WASHINGTON — Intelligence officials from several countries say Iran in recent weeks has virtually completed an underground nuclear enrichment plant, racing ahead despite international pressure and heavy economic sanctions in what experts say may be an effort to give it leverage in any negotiations with the United States and its allies.
The installation of the last of nearly 3,000 centrifuges at a site called Fordo, deep under a mountain inside a military base near the holy city of Qum, puts Iran closer to being able to build a nuclear weapon, or come up to the edge, if its leaders ultimately decide to proceed.
The United States, Israel and the United Nations have all vowed to prevent that from happening, imposing increasingly tough sanctions on the country and using cyberwarfare to slow its progress in obtaining a weapon. President Obama said last week that the time for a negotiated settlement was “running out.”
Talks this year between Iran and the so-called P5-plus-1 — the five permanent members of the United Nations Security Council plus Germany — have made little progress. The New York Times reported Sunday that the United States and Iran had reached an agreement in principle to hold direct talks after the American presidential election. Mr. Obama denied the report but said in Monday’s debate with Mitt Romney that he was open to such talks.
Iran’s progress at Fordo was disclosed by officials familiar with the findings of inspectors from the International Atomic Energy Agency who have been to the site recently as part of their regular visits. The officials included some from European governments who have opposed taking military action to slow the Iranian program, arguing that sanctions — with a mix of covert action — are far preferable.
The report comes at a moment when Iran has emerged as a point of contention in the foreign policy debates surrounding the approaching election. Mr. Romney has charged that the president has been “weak” on Iran, and said that Iran’s production of nuclear material had expanded greatly during Mr. Obama’s tenure. But he also embraced diplomacy in the debate on Monday.
Asked about the intelligence reports, Tommy Vietor, the spokesman for the National Security Council, said, “While we can’t comment on a report that has yet to be released, we remain concerned about Iran’s defiance of its international obligations.” He noted that “the president is determined to prevent Iran from getting a nuclear weapon and continues to believe there is time and space for diplomacy.”
Until just two months ago, Prime Minister Benjamin Netanyahu of Israel suggested he would not allow the Fordo plant to go into operation, warning that once it did Iran would have begun to enter a “zone of immunity” where it could produce nuclear fuel without fear of an Israeli strike. Israel does not possess the bunker-busting bombs that would be needed to destroy the facility, though the United States does have one weapon that can do the job: the “massive ordnance penetrator” that just entered the American arsenal.
In September, however, Israeli officials suddenly stopped using the “zone of immunity” phrase, and Mr.

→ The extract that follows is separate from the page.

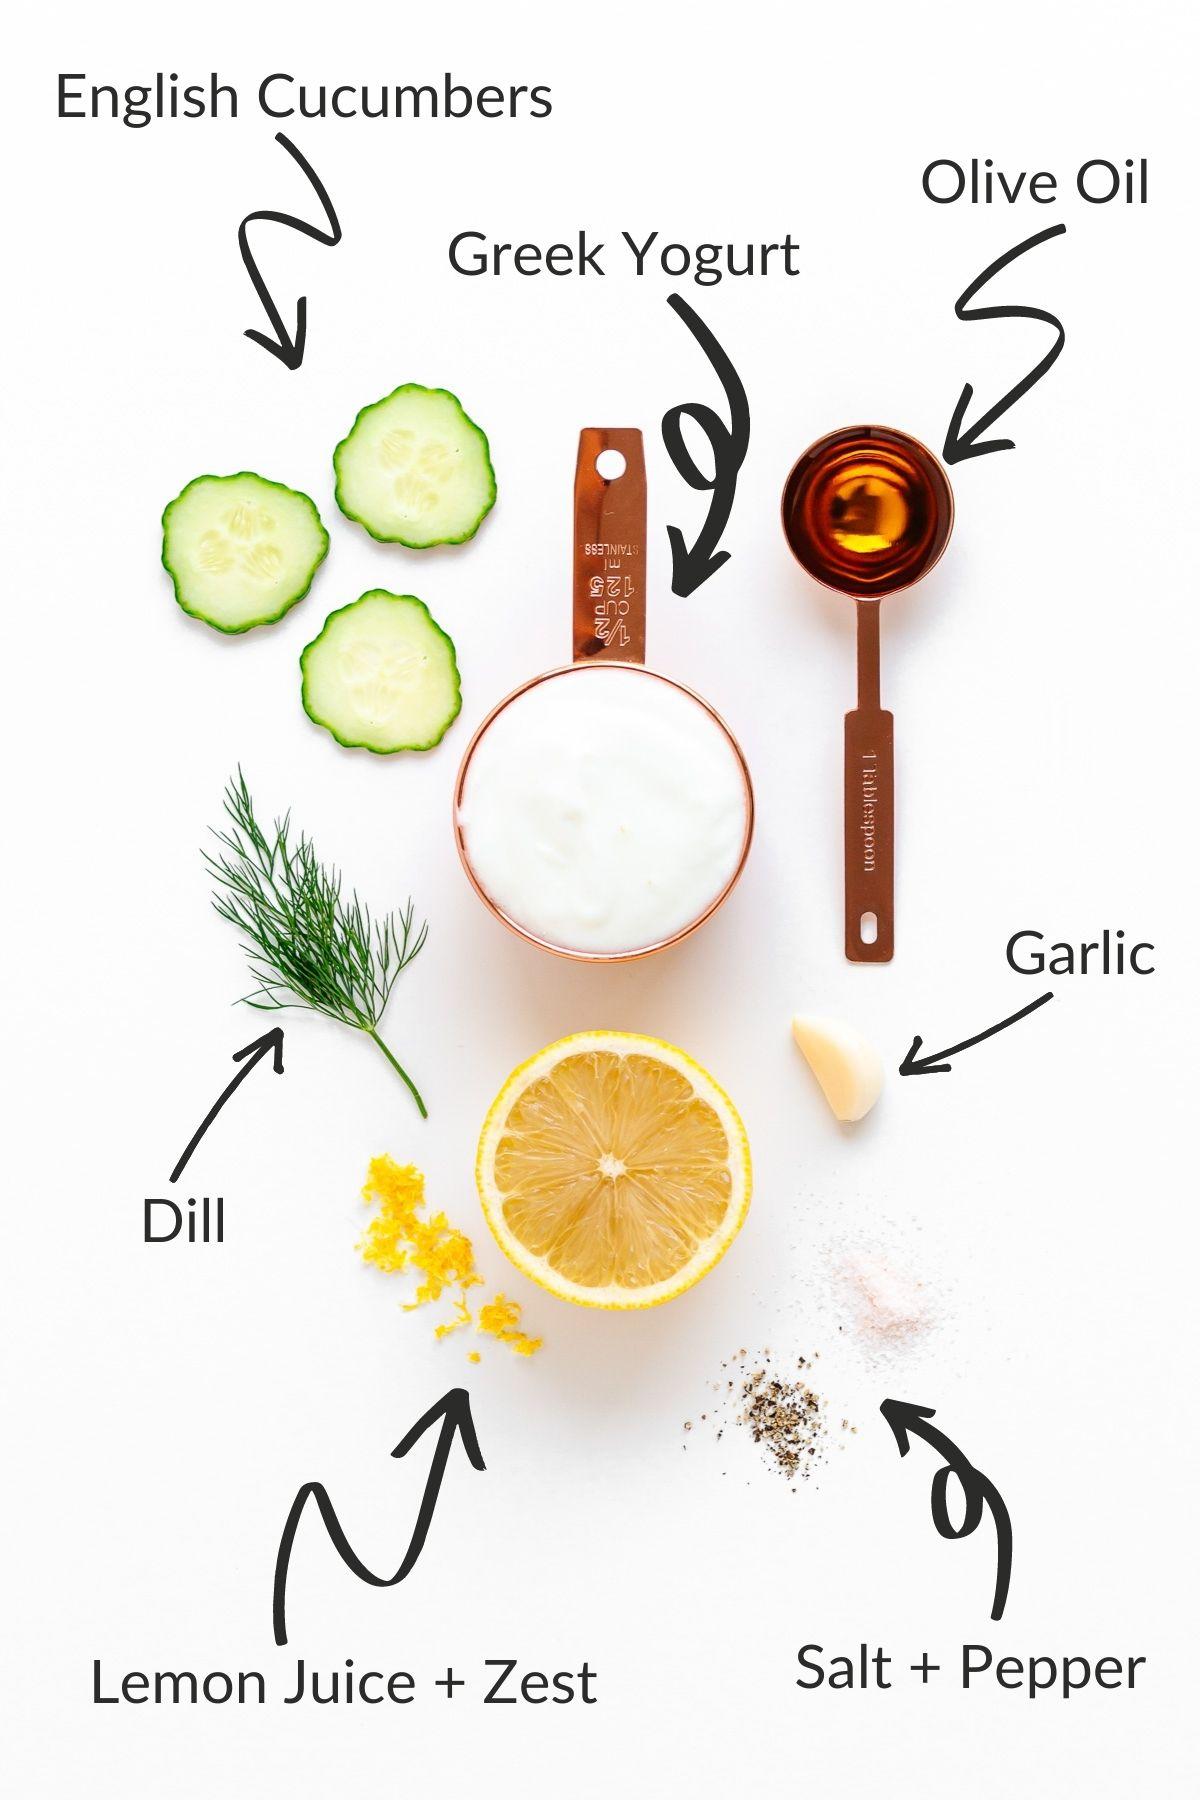 Labelled image showing ingredients needed to make cucumber yogurt salad.
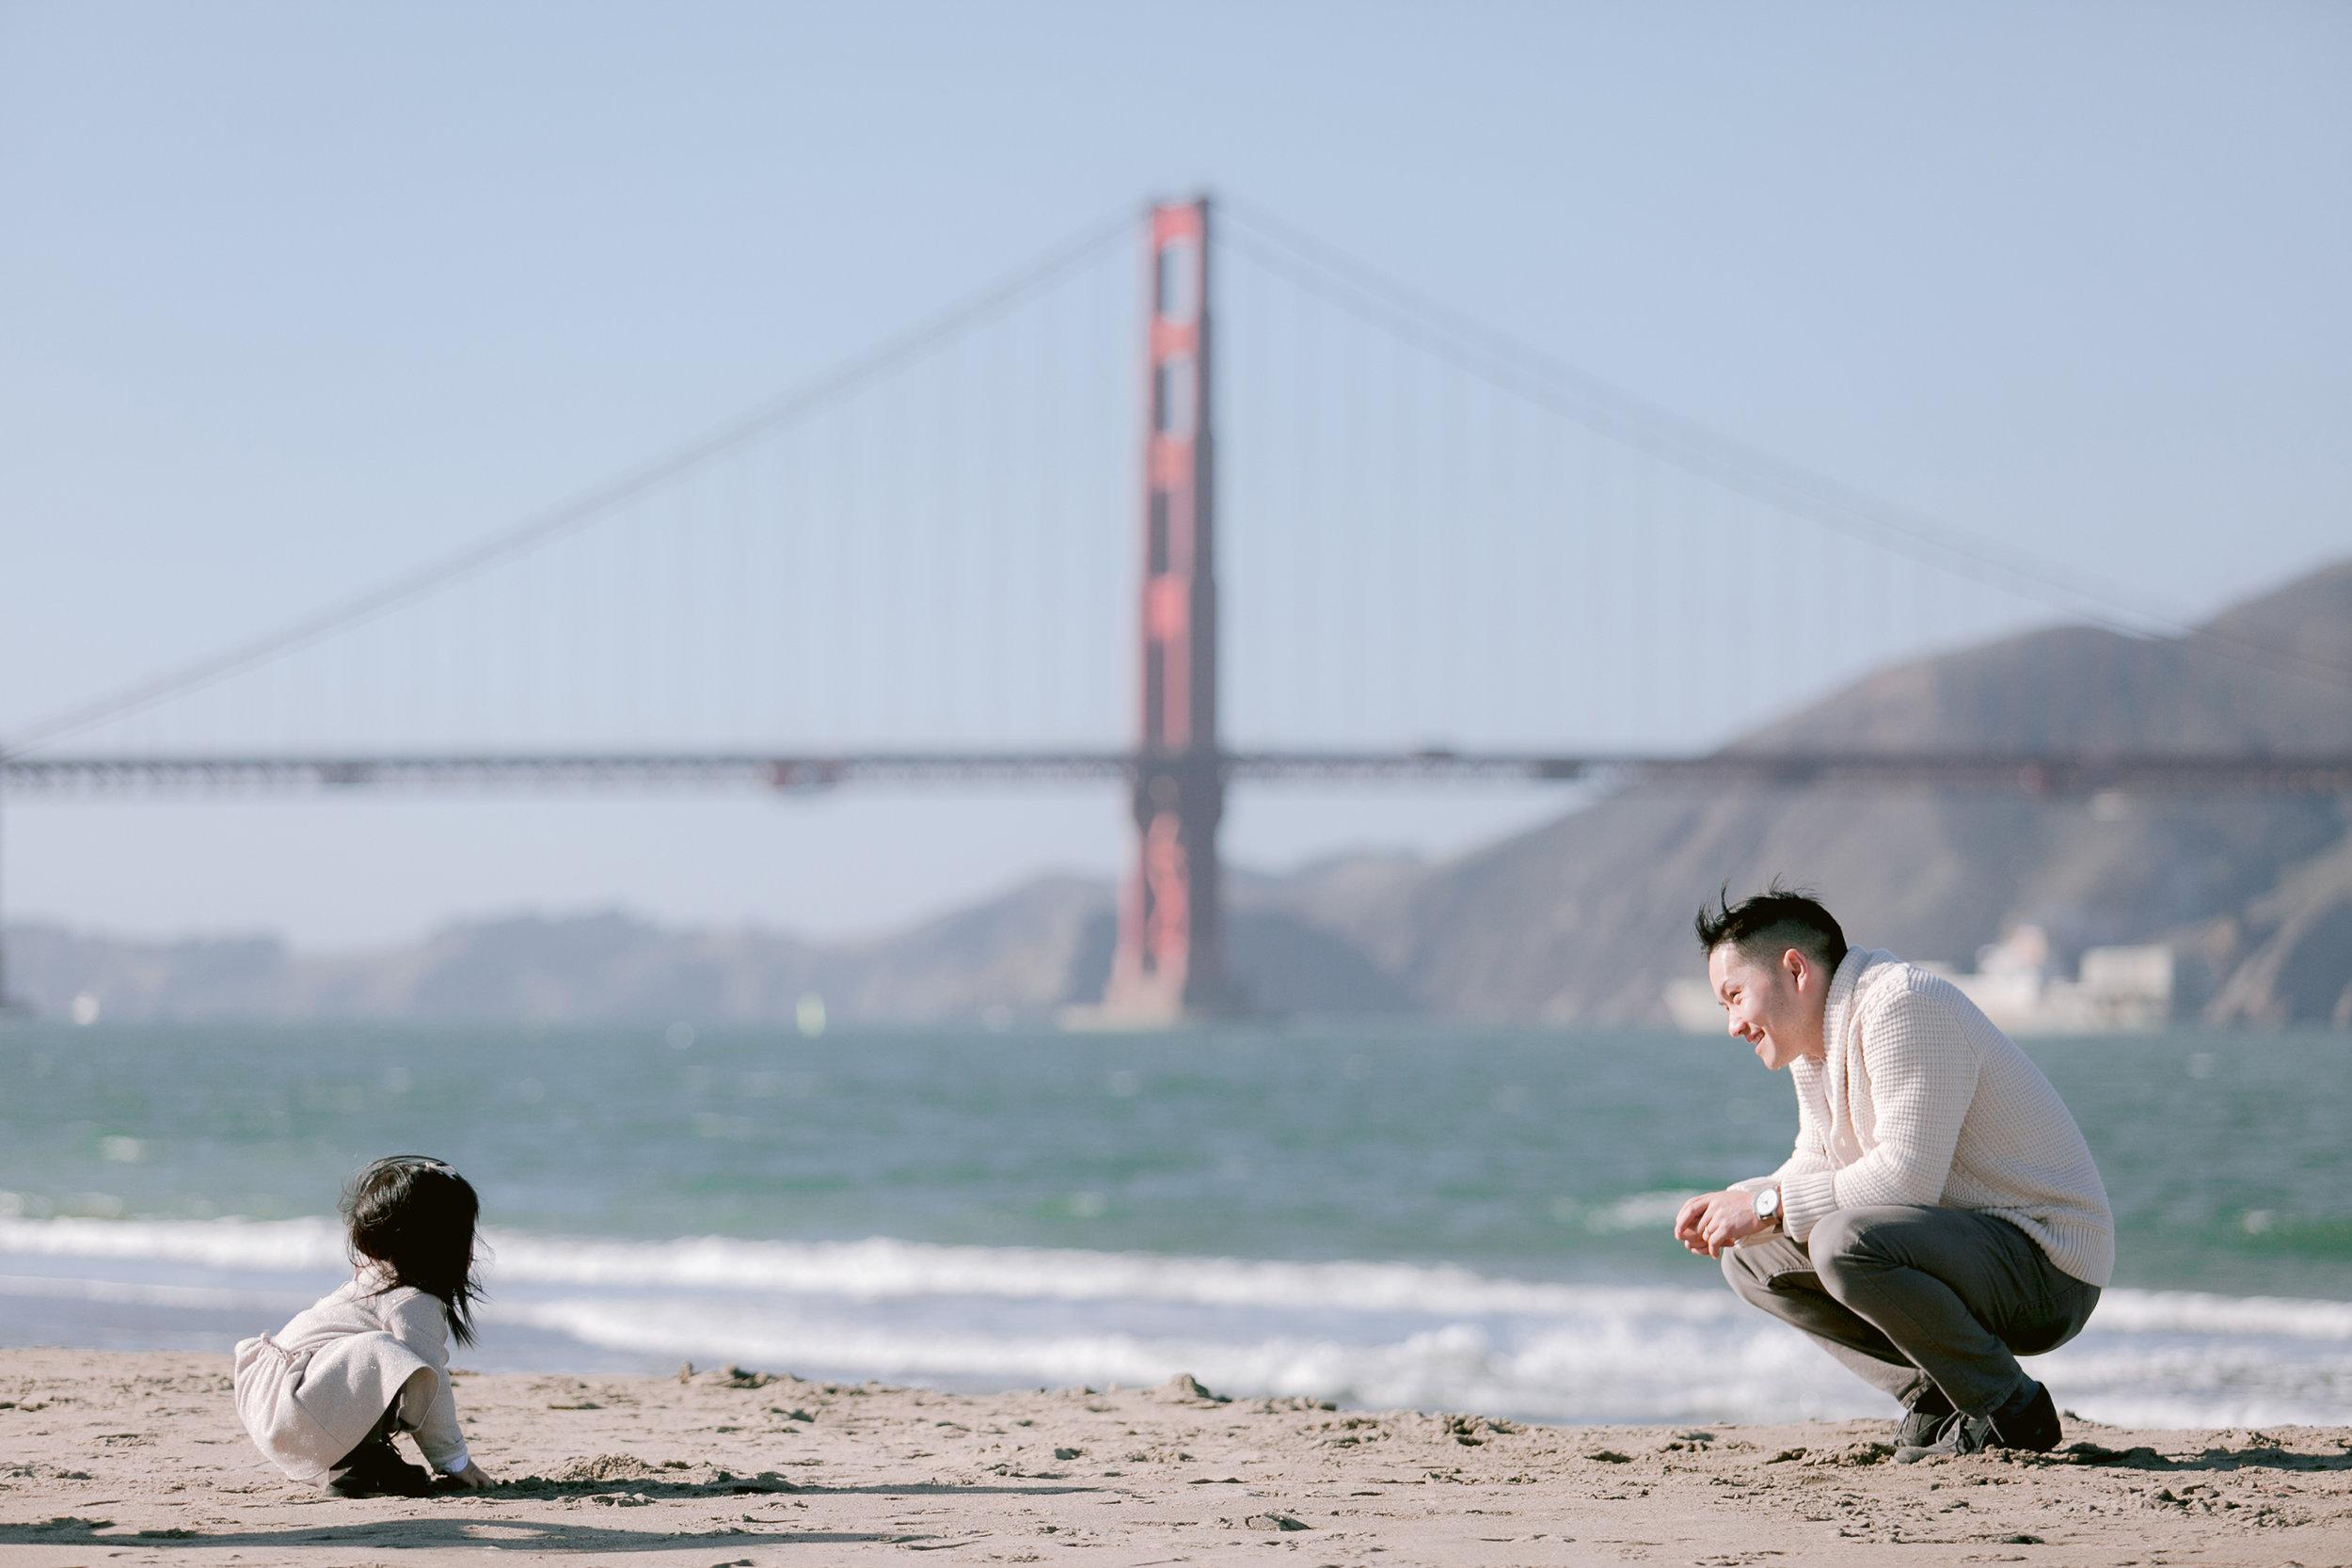 San_Francisco_Children_and_Family_Portrait_011.jpg

Netanyanu told the United Nations that he could wait until late spring before any taking military action, saying that was when Iran would be on the cusp of the ability to produce a bomb. European and American officials interpreted that announcement as evidence that Mr. Netanyahu concluded that Israel could not get through the more than 200 feet of rock over the Fordo plant without American help.
The prospect of a renewed round of diplomacy may explain the pace of activity at the underground site. The fact that the Fordo plant is approaching full operation, shortening the amount of time it would need to build a weapon, gives Iran added ability to exert pressure on the United States and its allies. “When slapped with new sanctions,” said Mark Fitzpatrick, a former State Department official who now studies the Iranian program at the International Institute for Strategic Studies in London, “Iran typically likes to pick up the pace of its enrichment work to try to show that it can’t be pressured into submission.”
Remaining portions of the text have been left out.